++++ INPUT DATA

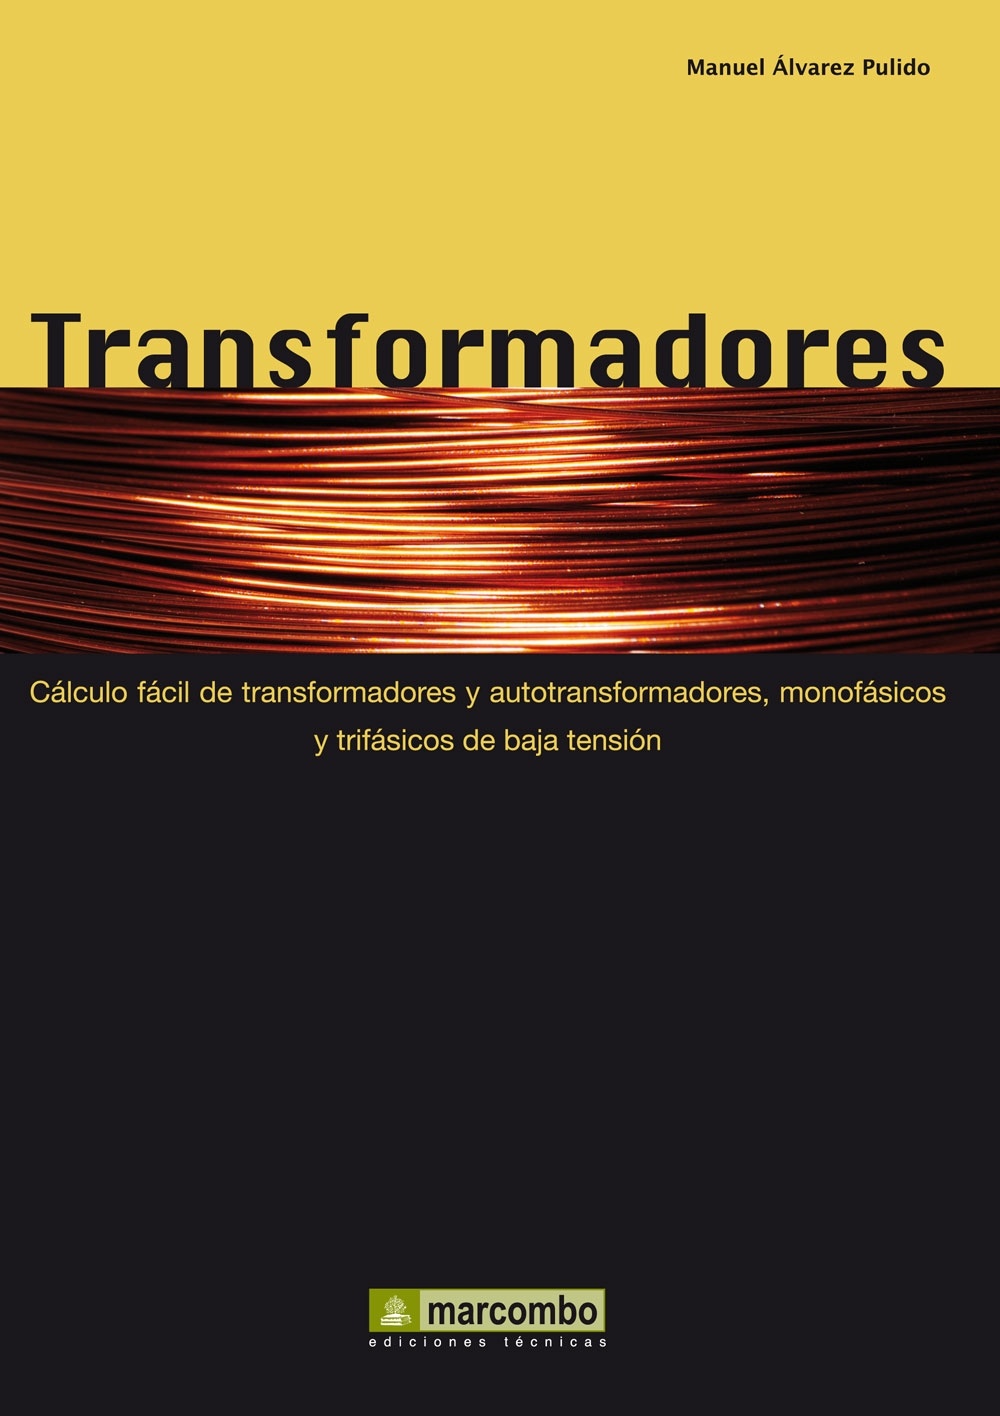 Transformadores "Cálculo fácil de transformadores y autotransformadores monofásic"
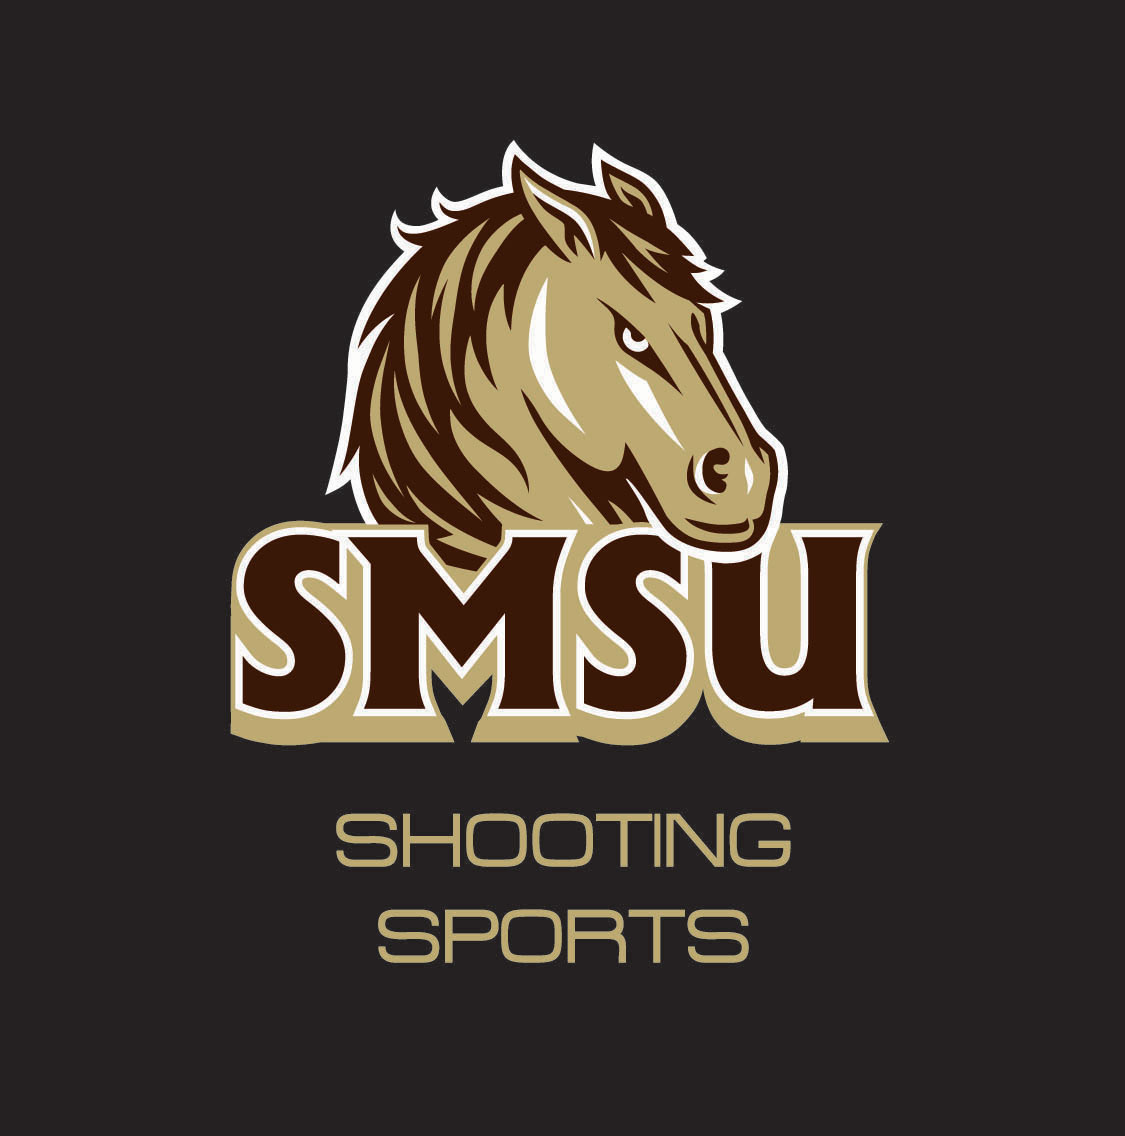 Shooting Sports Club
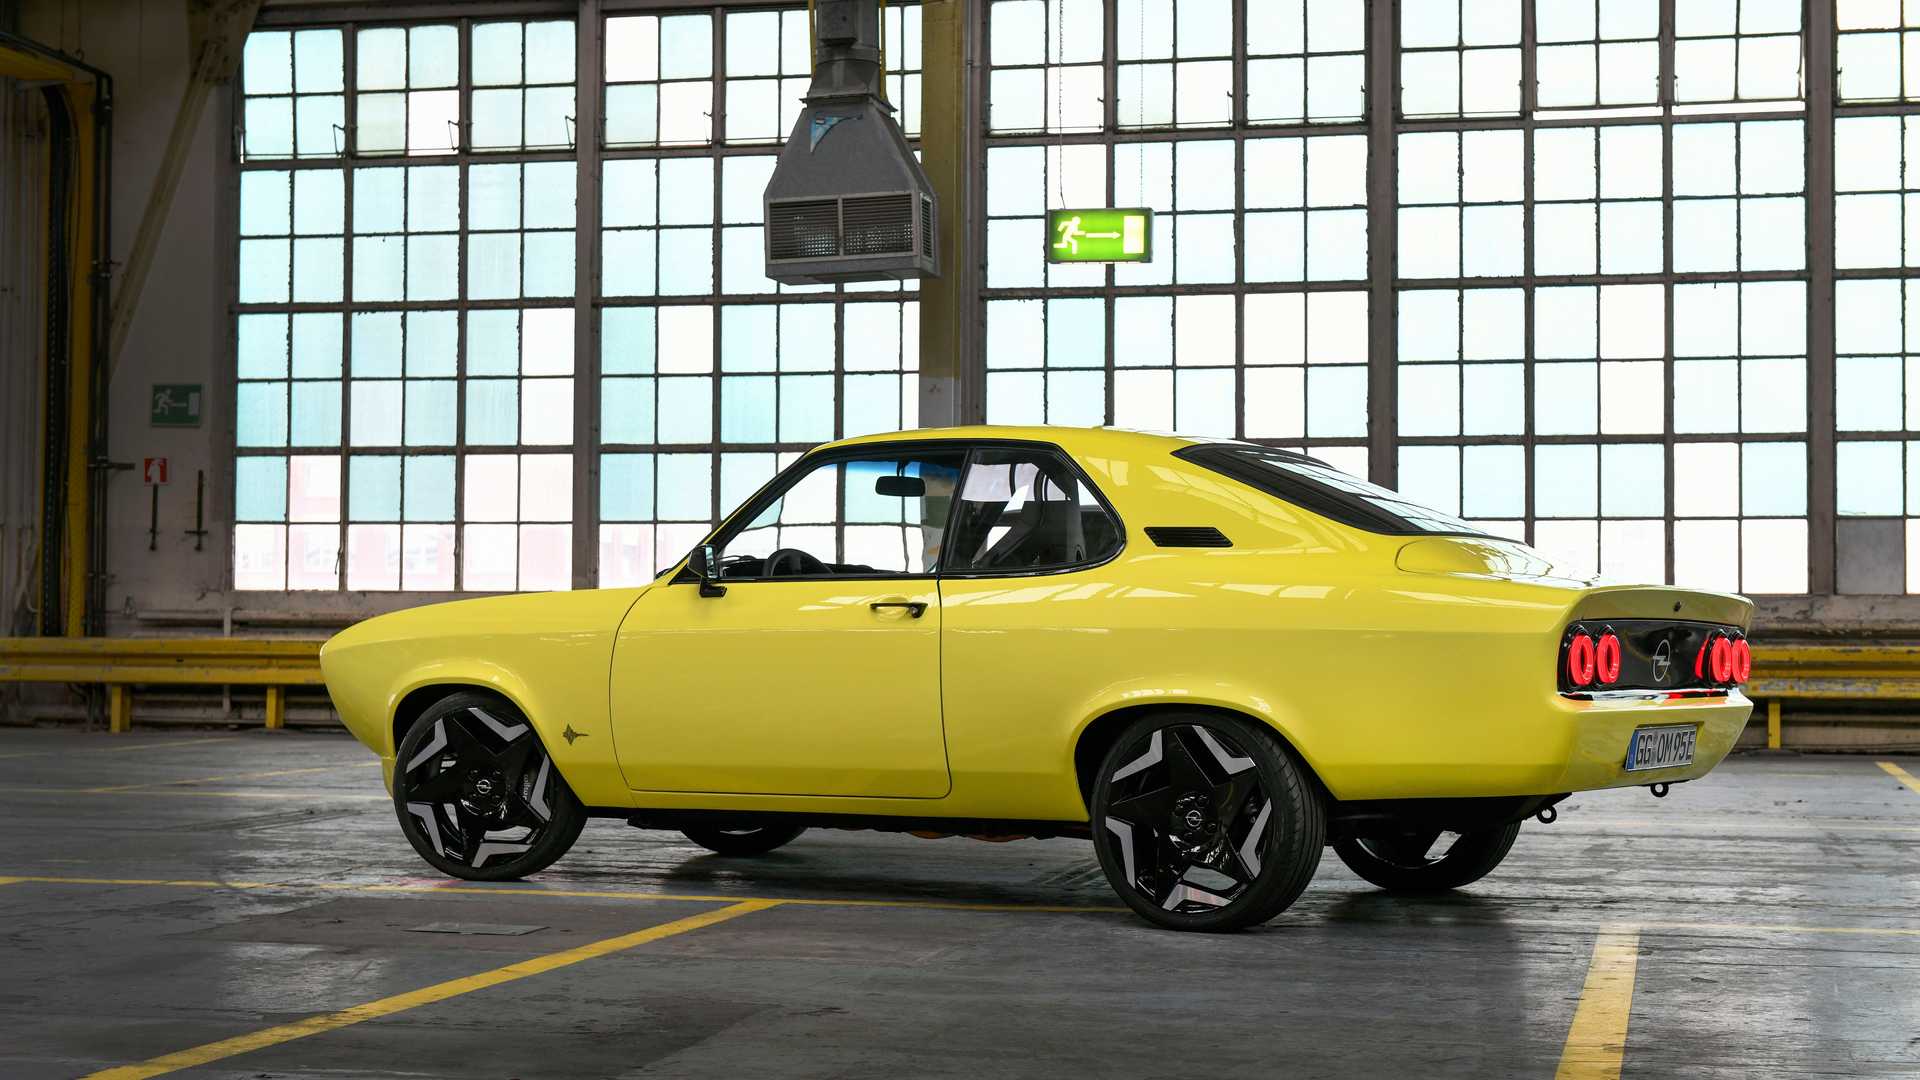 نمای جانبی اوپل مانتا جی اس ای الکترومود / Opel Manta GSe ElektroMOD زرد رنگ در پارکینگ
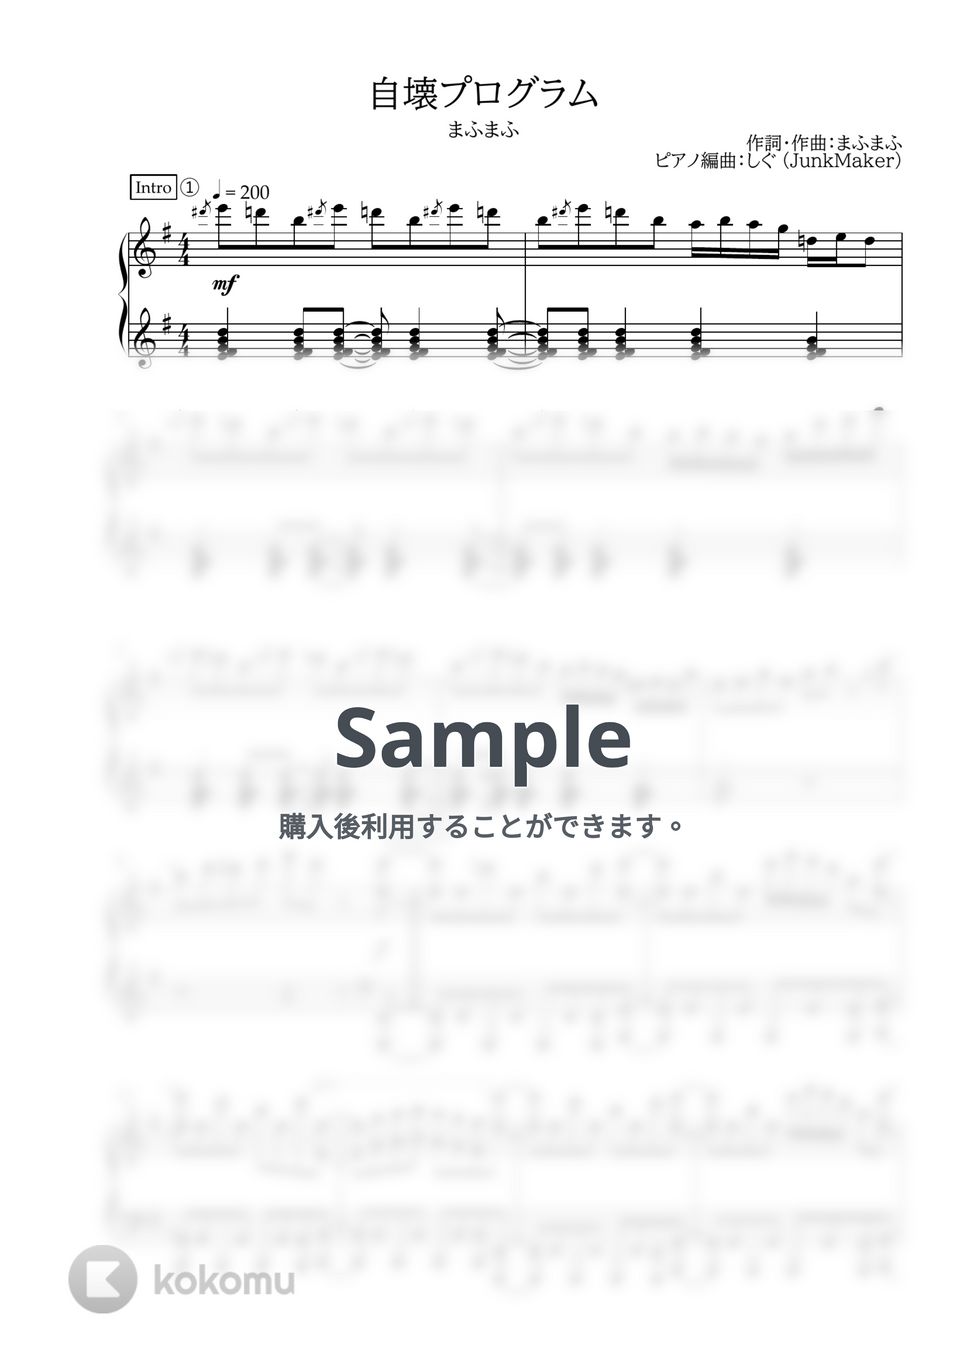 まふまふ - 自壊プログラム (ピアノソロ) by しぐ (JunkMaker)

++++++++

_TASK BRIEF_
Transcribe the material above word for word; images do not belong in the copy.

_SOLUTION_
 Transformadores "Cálculo fácil de transformadores y autotransformadores monofásic"
 Shooting Sports Club
 نمای جانبی اوپل مانتا جی اس ای الکترومود / Opel Manta GSe ElektroMOD زرد رنگ در پارکینگ
 まふまふ - 自壊プログラム (ピアノソロ) by しぐ (JunkMaker)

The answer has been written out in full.